Müzede: toplam 2669 eser bulunmakta olup, bunlardan 236 tanesi teşhirdedir. Bunların çoğunluğu; halı, maden, çini, kilim, deri ve el yazması eserlerden oluşur.  

Bunlar arasında: 13 ve 14’ncü yüzyıllardan kalma ahşap ve 16’ncı yüzyıldan kalma el yazmaları, çini ve halılar dikkat çekiyor. Ayrıca, yine müze binası içinde, çok amaçlı bir sergi salonu bulunuyor.

Osmanlı kitap sanatı sergisi

İslam sanat dünyasının köklü bir parçası olan Osmanlı kitap sanatları, Anadolu’da Selçuklu ve Beylikler devri kitap sanatının devamıdır. İki vitrin halinde düzenlenmiş olan sergide Osmanlı kitap sanatının 16’ncı yüzyıldan 20’nci yüzyıla kadar geçirdiği değişiklikler, cilt, tezhip, hat gibi örneklerle vurgulanarak ziyaretçilere sunuluyor.

Ayrıca 16’ncı yüzyılda İran’da yapılmış ve ithal edilerek Osmanlı topraklarına yayılmış pek çok Safevi el yazmasından örnekler seçilmiştir. Kitap sanatlarında görülen bu tarihsel gelişimin örnekleri dışında, el yazması üretimi açısından ilgi çekebilecek 4 el yazması kitap da sergileniyor.

16’ncı Yüzyıl el yazmaları

16’ncı yüzyılın ikinci yarısı Kanuni, II. Selim ve III. Murat gibi güçlü sultanların damgasını taşıyan el yazmaları da sergileniyor. Müzenin çoğunluğu padişah vakfiyeleri ve Kuran-ı Kerimlerden oluşan el yazmaları koleksiyonu, sergide seçkin örnekler tanıtılıyor.

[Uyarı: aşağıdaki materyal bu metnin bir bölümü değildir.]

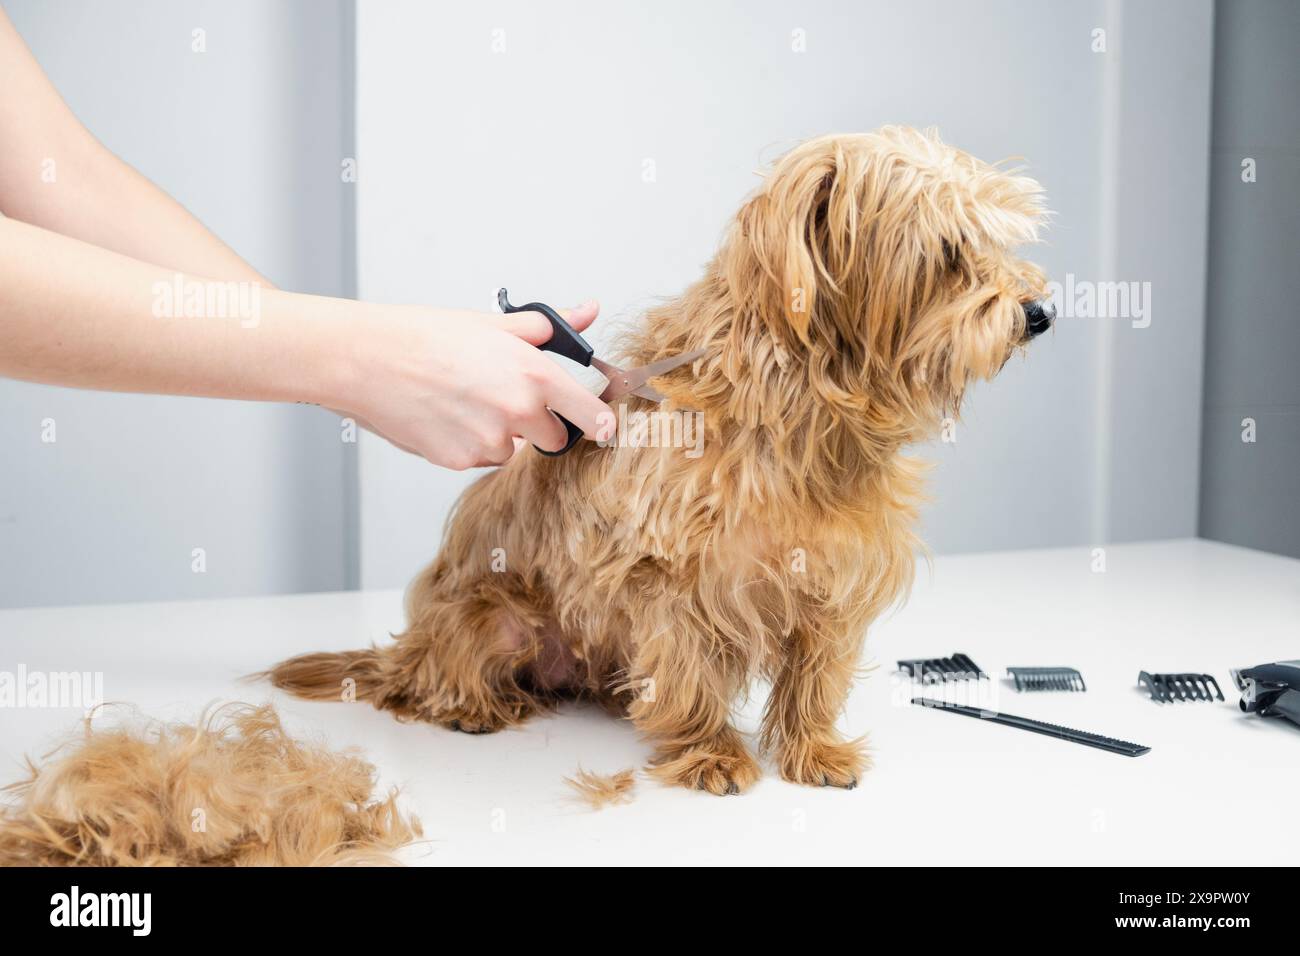 A young dog stylist cuts the hair of a golden terrier with scissords. The dog looks the other way very relaxed Stock Photo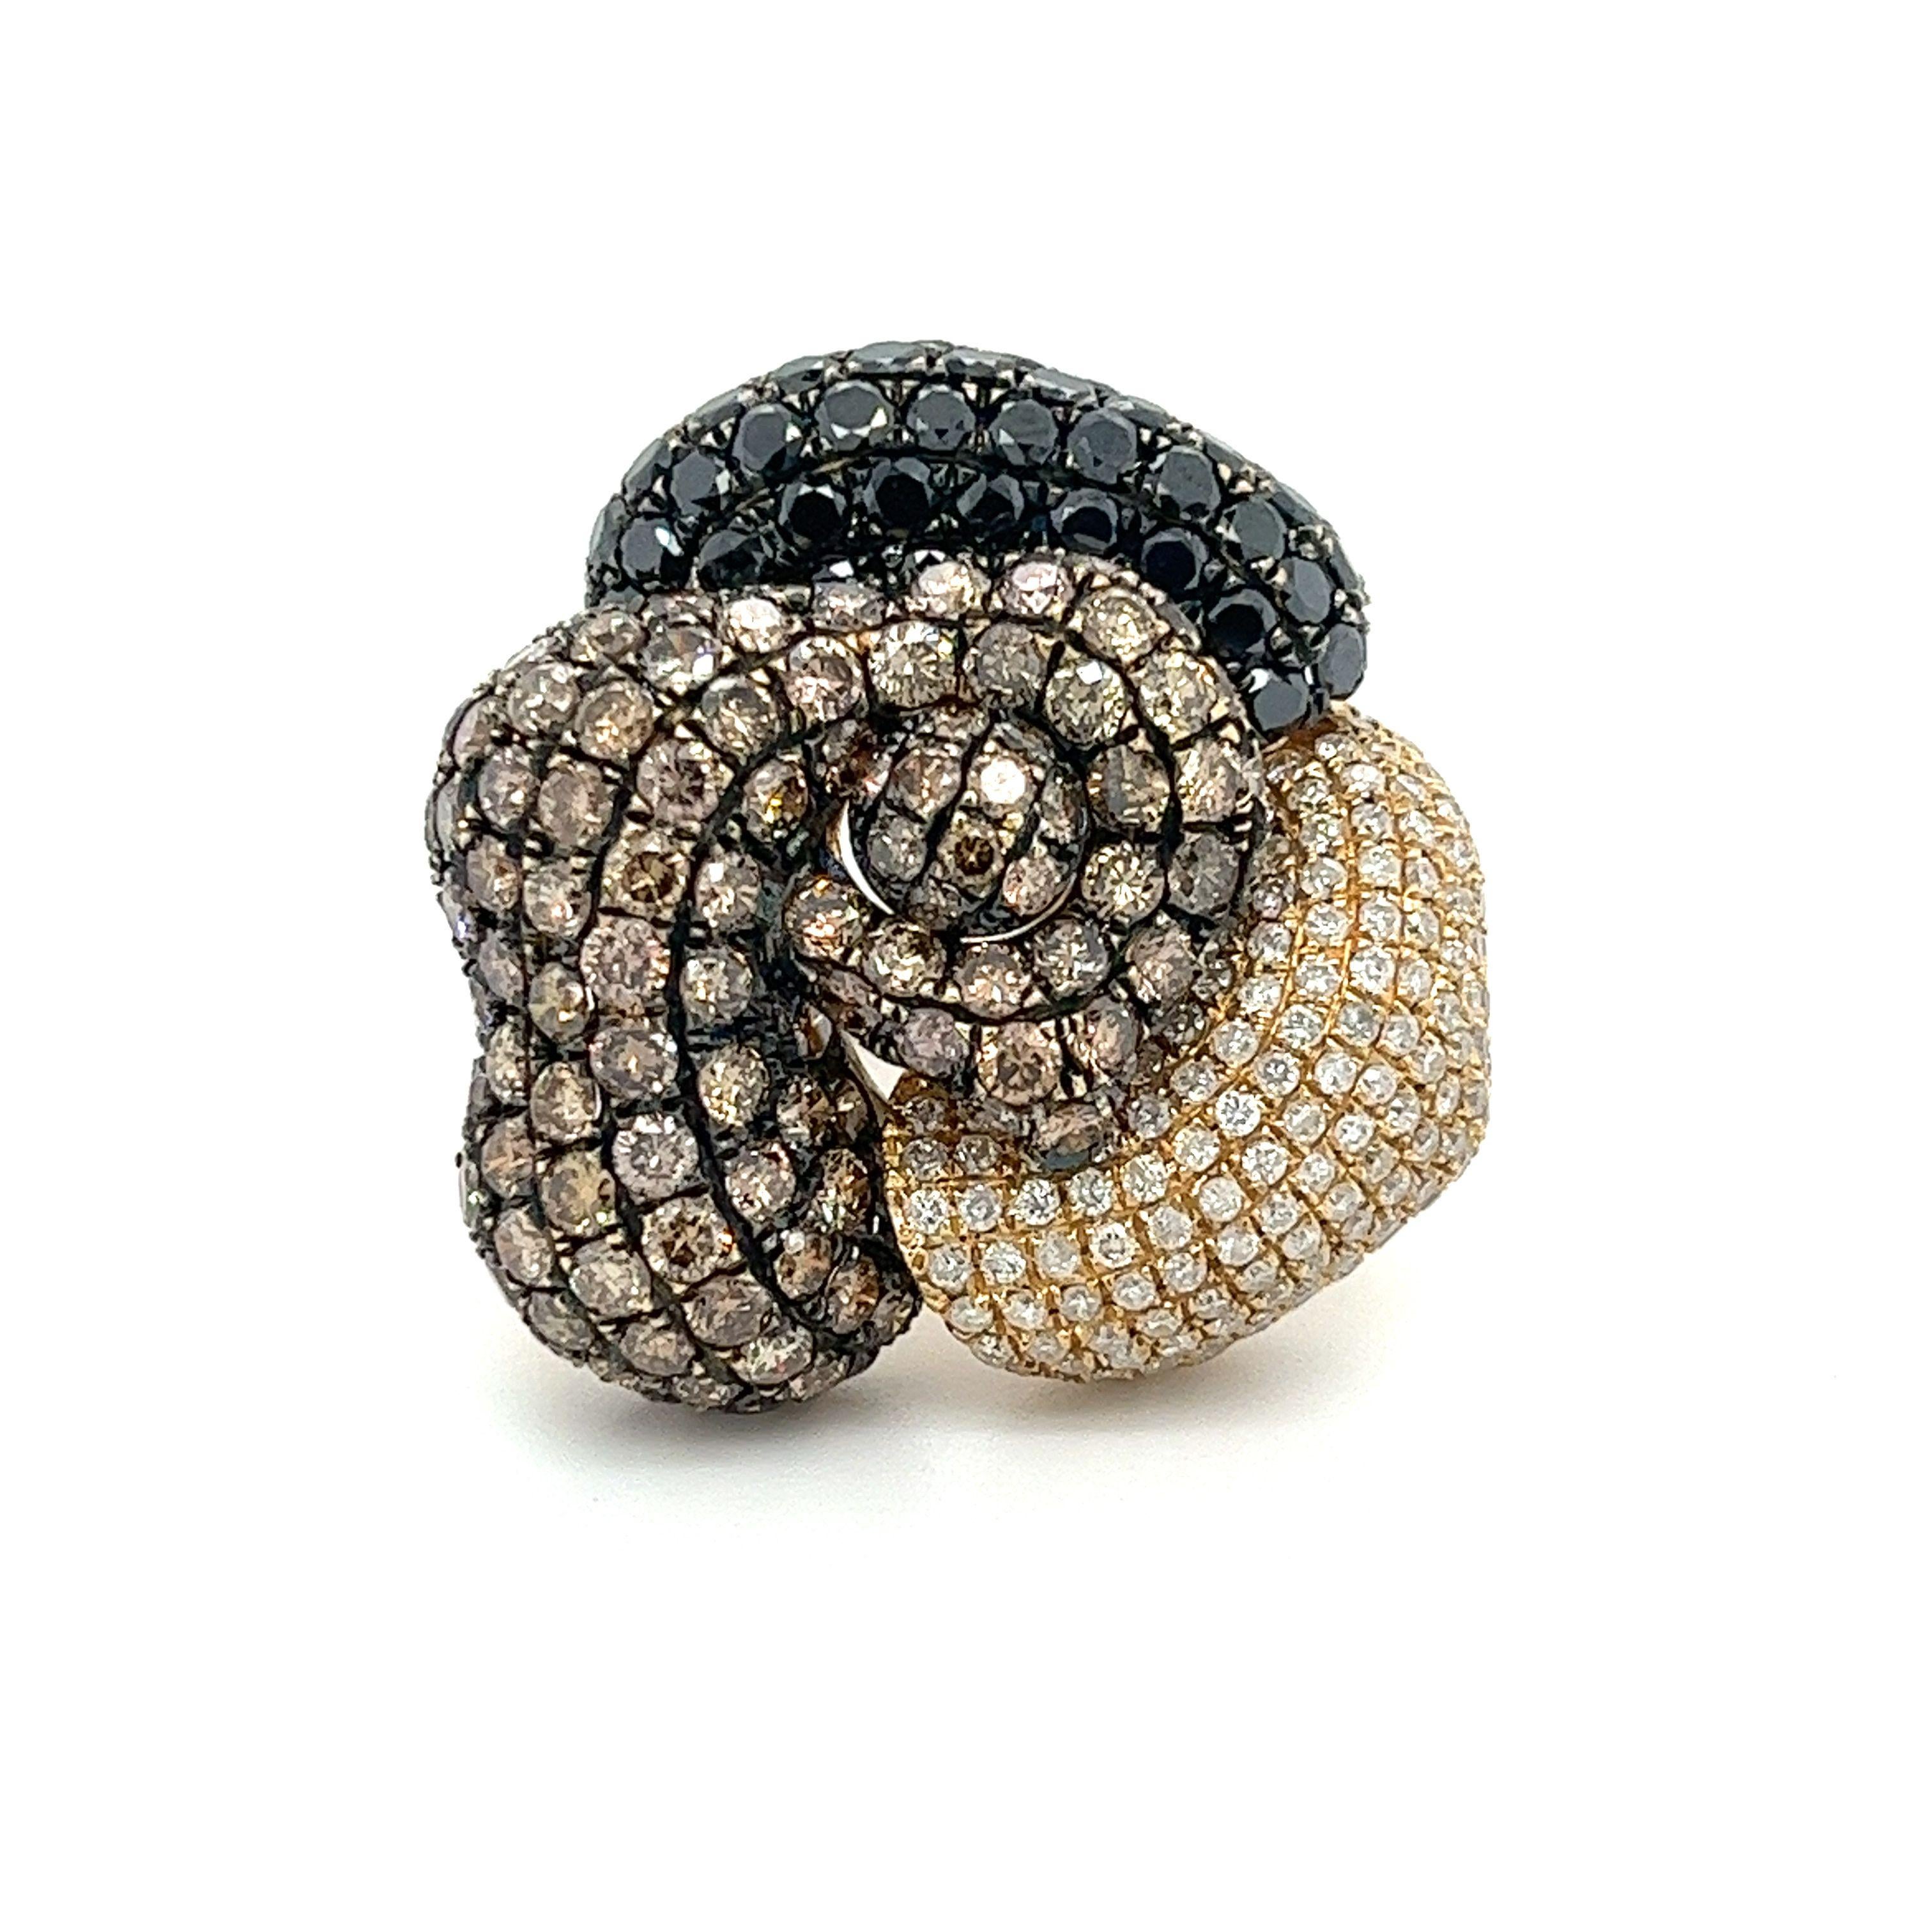 6 carat total brown, black, and white diamond cluster flower ring, a true masterpiece crafted in luxurious 18k yellow gold. This magnificent piece is the perfect combination of boldness and sophistication, designed to leave a lasting impression on

Para keseleri ve Kabe Örtüsü

Mezede, Osmanlı döneminde kullanılan para keselerinin sergilendiği alan, ziyaretçilerin yoğun ilgisini çekiyor. Osmanlı döneminde her yıl padişah tarafından Mekke ve Medine kervanlarına bağış gönderilir, bu kervana ise Surre Alayı, kervanı yöneten kişiye ise Surre Altını denirdi.

Eski dilde Surre veya süre denilen para keselerinin ceylan derisinden yapılması ise bir hayli dikkat topluyor. Vakıflar Genel Müdürlüğünde saklanan ve ziyarete açılan “Kabe örtüsü” ise yine en çok ilgi gören eserlerdendir. Cam muhafaza içinde korunan örtü, manevi değeri açısından ilgi görüyor.

Halılar-Kilimler

Müzede 90 adet Uşak Halısı vardır. Bu halılar: Ankara’dan Hoca İbadullah camisi, Ahi Elvan camisi, Telli Hacı Halil Mescidi, İki şerefeli cami, Sultan Alaeddin camisi, Hacı Arap Camisi, Yozgat’tan: Çapanoğlu camisi, Elazığ’dan: Harput Sare Hatun Camisi, Bursa’dan: Yeşil camiden toplanmıştır.

Müze gezisi

Hemen girişte, ilk salonda: değişik yörelere ait halı örnekleri sergileniyor. Raylı, kitap sayfası ve çekmeceli örneklerde, çok sayıda halı sergileniyor. Türkiye’de halı dokunan her evde görülebilen nostaljik bir halı dokuma odası da var.

İkinci kat merdivenlerini çıkarken: yine değişik halı motifleri görülüyor. Üst katta: halıların yanı sıra değişik yörelere ait kilim örnekleri var. Ayrıca: para keseleri, Kabe örtüsü görülüyor.

Hat salonunda: padişah vakfiyeleri ve Kuran-ı Kerimler, hat, tezhip ve cilt sanatının en özgün örnekleri görülüyor.

Diğer bir salonda ise: tabanda cam altına yerleştirilmiş bir Uşak halısı ve Şarköy kilimi görülüyor. Ayrıca, yine bu salonda: değişik form ve ebatlarda bakır, tunç ve tombak şamdanlar sergileniyor. Sergilenen ahşaplar ise, 13’ncü yüzyılın en güzel örneklerindendir. Ankara Ahi Elvan cami pencere kanatları ve Divriği Ulu camiye ait özgün örnekler dikkat çekiyor.

Müzede bulunan odalardan bir tanesi, klasik saatler ve eski fotoğraf makinelerinin sergilenmesine ayrılmıştır.

Bir bahçe içinde bulunan binanın arka kısmında: personel ve müze ziyaretçileri için kafeterya bulunmaktadır.